– Скажете слово, Фрол Игнатьевич? – спросил молодой.

Беляков махнул:

– Давай сам, Лабутин, приобщайся.

Лабутин подошел к комиссару, сказал ему что-то, склонившись к уху, и тот кивнул.

– Товарищи красноармейцы! – крикнул Лабутин, когда вновь оказался рядом с тем, кто в одиночестве стоял перед нестройными рядами раненых бойцов и военных медиков. – Доблестные бойцы Второй Ударной армии! Перед вами стоит человек, который недостоин больше этого звания! Он хуже ненавистного врага, хуже любого фашиста… В то время, как вы честно проливали кровь в боях с немецкими оккупантами, эта сволочь стреляла в себя! Он сам прострелил себе руку, чтоб спасти свою подлую шкуру… Смотрите!

Лабутин схватил обреченного за левую руку и резко ее поднял.

Лицо у парня искривилось, глаза наполнились слезами, он всхлипнул, а в толпе громко ойкнула Тамара.

– Этот «самострел» изувечил себя, чтоб избежать смерти, – продолжал Лабутин. – Но разве вы все хотите ее? Нет! Каждому хочется жить, это так… Но лучше смерть в священном бою, чем то, что ожидает этого подонка… Собаке собачья смерть!

Последние слова Лабутин произнес с особой силой, срываясь на крик, и посмотрел на Белякова. Ему показалось, что старший товарищ насупился, и Лабутин решил перейти к деловой части процедуры. Он знал, что Беляков недолюбливал красноречия при свершении невеселых дел. Фрол Игнатьевич считал, что все сказано в приговоре военного трибунала, коротко сказано и ясно.

И Лабутин принялся читать приговор. Приговор был лаконичным: «На основании таких-то статей… приговорить к расстрелу. Приговор окончательный и обжалованию не подлежит… Привести в исполнение на месте».

– Кто желает привести? – крикнул Лабутин и расстегнул кобуру.

Среди раненых стоял Степан Чекин. Он случайно попал в этот чужой, не его дивизии медсанбат, когда угодил под выстрел немецкой «кукушки». Рана оказалась несерьезной, и сержант упросил Ососкова оставить его для излечения на месте.

– Есть желающие? – снова выкрикнул Лабутин и вынул из кобуры «наган».

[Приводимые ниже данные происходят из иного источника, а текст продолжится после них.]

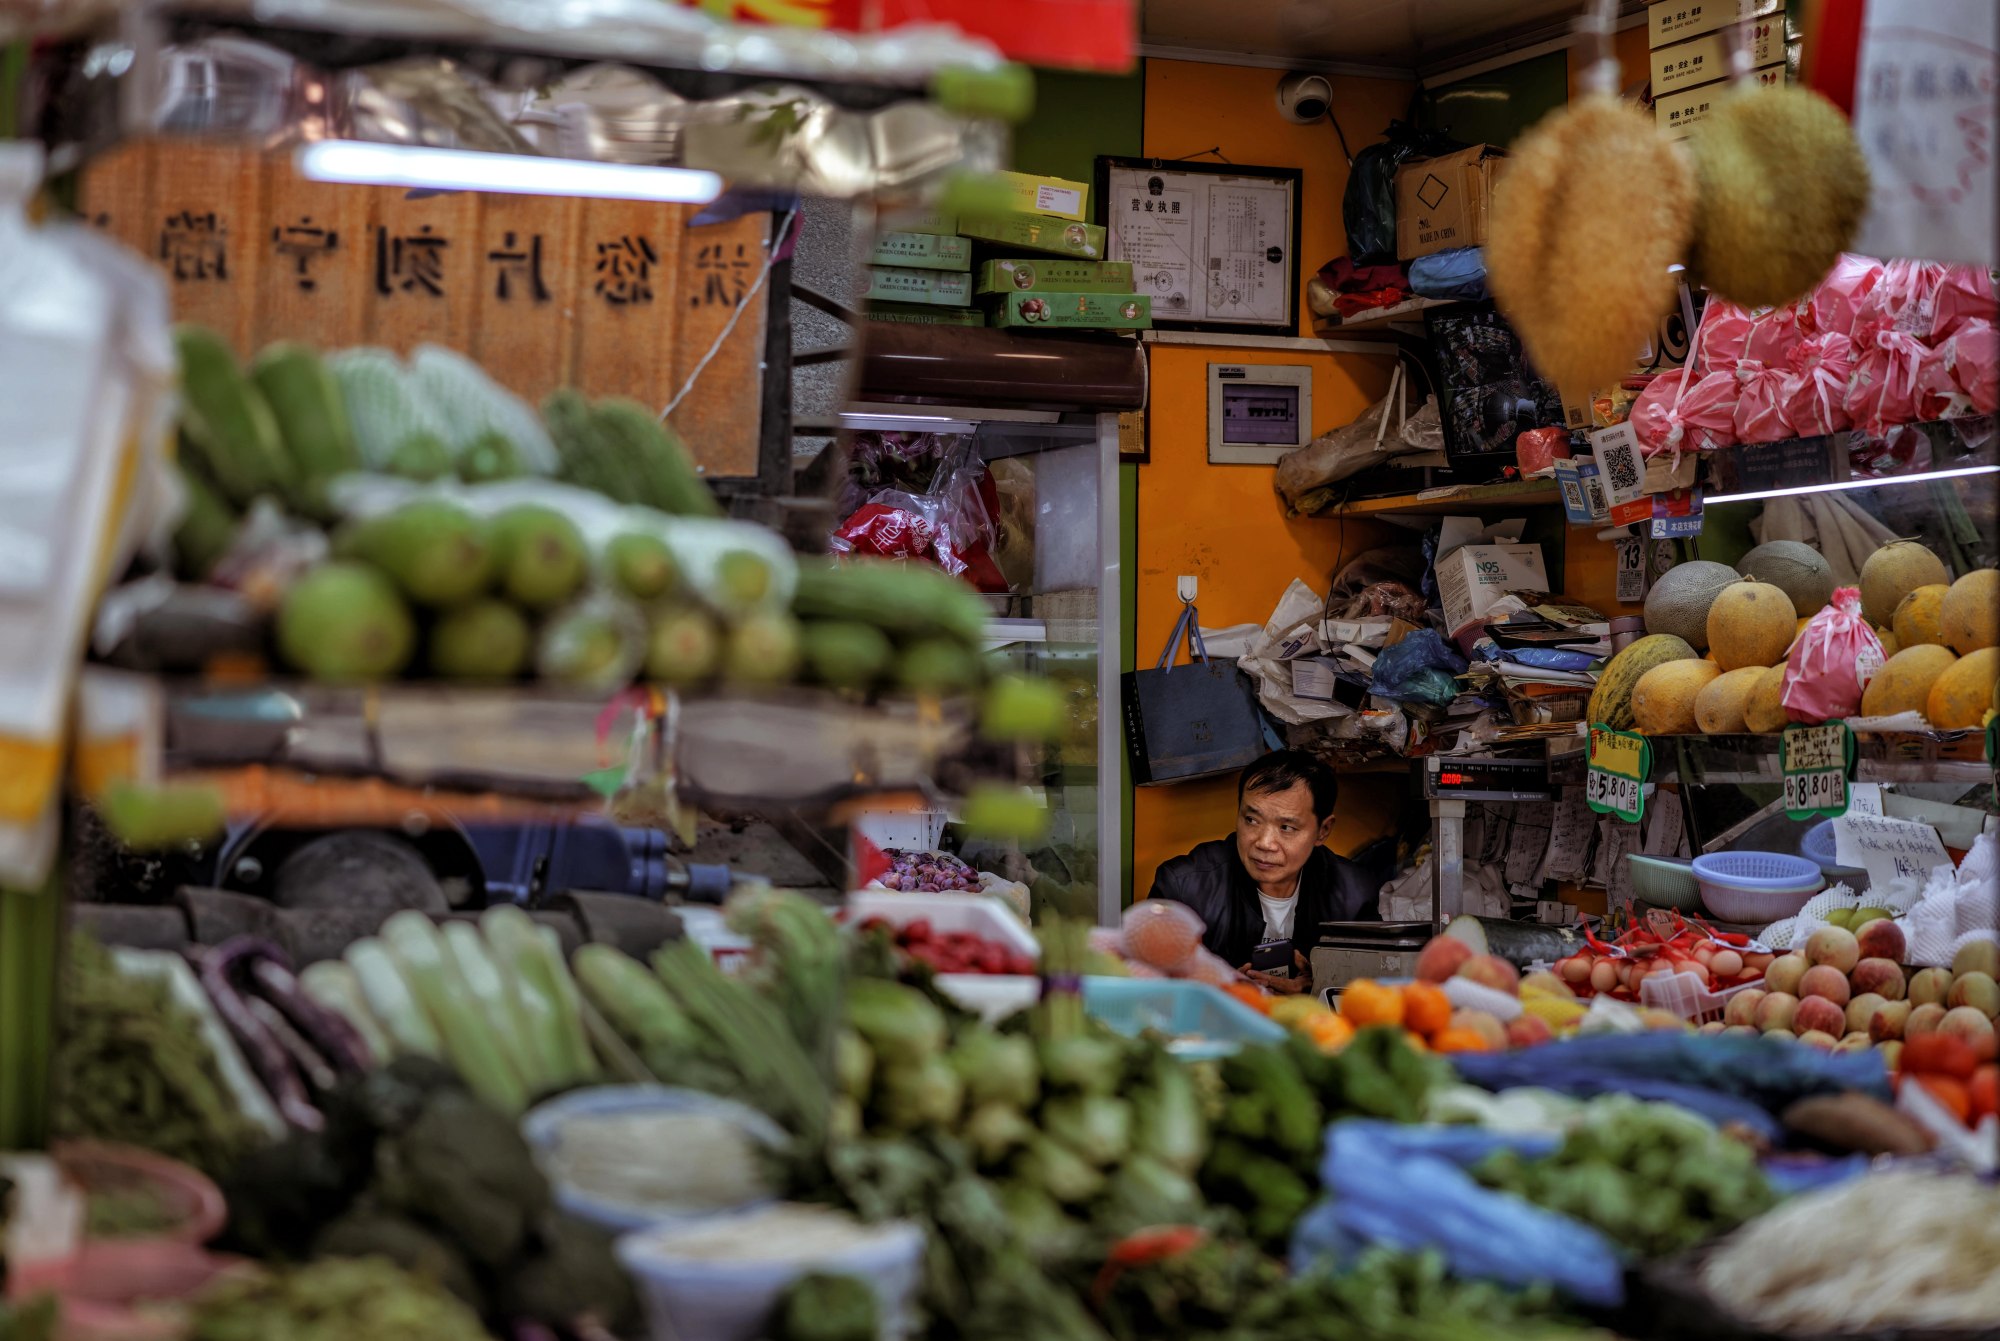 A man sells fruits and vegetables in a street shop, in Shanghai, China. Photo: EPA-EFE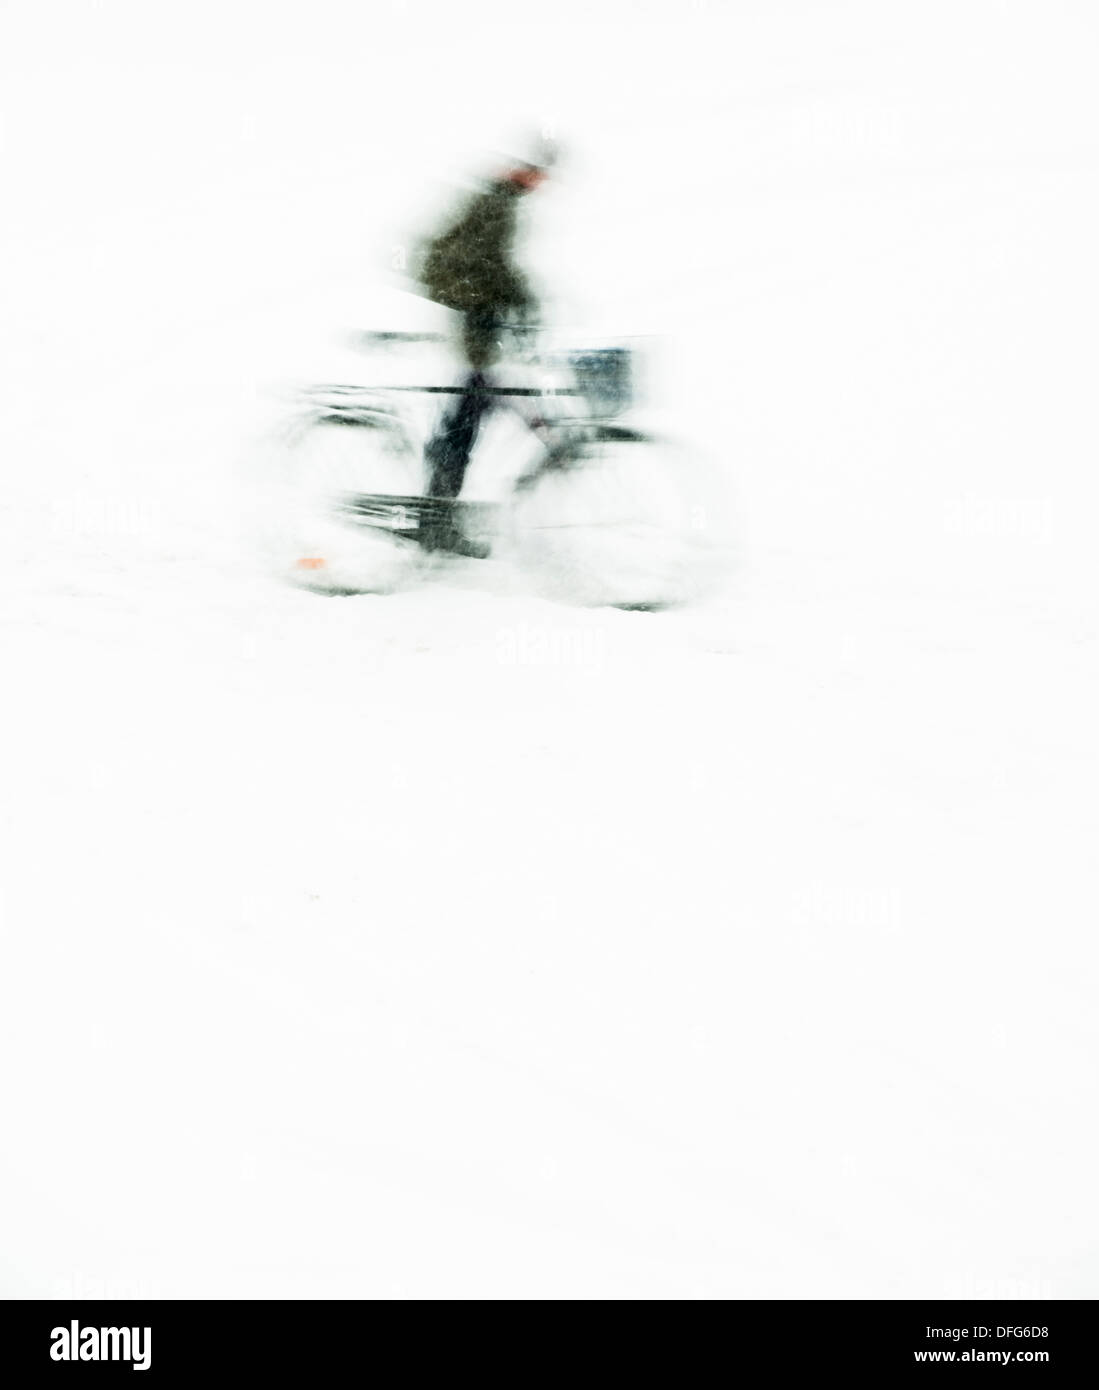 Silhouette with blurred motion of man riding a bike in snowfall with  room for copyspace Stock Photo

Степан Чекин видел уже и не такое. Кто побывал на Невской Дубровке, тот на всю жизнь насмотрелся. И голод, и холод прошел, только медные трубы не играли для них торжественных маршей, время для маршей не приспело. А дезертиров при нем расстреливали, и самострелы бывали. Вот еще голосующие находились. Те вроде как похитрее шкурничали, звали немца на помощь. Сидит в окопе и руку над бруствером тянет, голосует, надеясь, что фашист его приласкает пулей, и тогда получит он себе рану что надо, без порохового нагара, без следов тряпки или хлеба, ведь некоторые умельцы руку перед выстрелом обматывали портянкой или приставляли к ней буханку. Только и тех и других довольно просто ловили и брали на цугундер. Конечно, кто и вывернуться сумел, не без того, и сейчас в тылу загорает…

Желающих привести пока не находилось. Раненые были насуплены, они хмуро смотрели на опустившего плечи парня, но стрелять в него никто не решался. И Степан вдруг вспомнил, как на Невской Дубровке им давали пайку хлеба, похожего на мыло. Ее делили на части, чтоб растянуть на весь день, и хлебный запас никто не прятал, он лежал у каждого в блиндаже на полочке при нарах. Но вот хлеб стал вдруг пропадать. Обнаружить вора делом оказалось несложным, поймали с поличным. И все разрешилось само собой. Никаких тебе допросов у следователя, ни прокурора с трибуналом. Вытащили вора из блиндажа в траншею, там его и кончили по молчаливому приговору, списав все на немецкого снайпера. Такое время – голодное и жестокое.

Правда, сам Чекин в того подонка не стрелял, по молодости его освободили. Но солдатскую казнь одобрил, хотя, признаться, и жутковато было. Сейчас же к рослому и статному парню, его выправку не могли скрыть ни жалкая одежда, ни униженное положение приговоренного к смерти, Чекин испытывал чувство брезгливости. И ничего больше.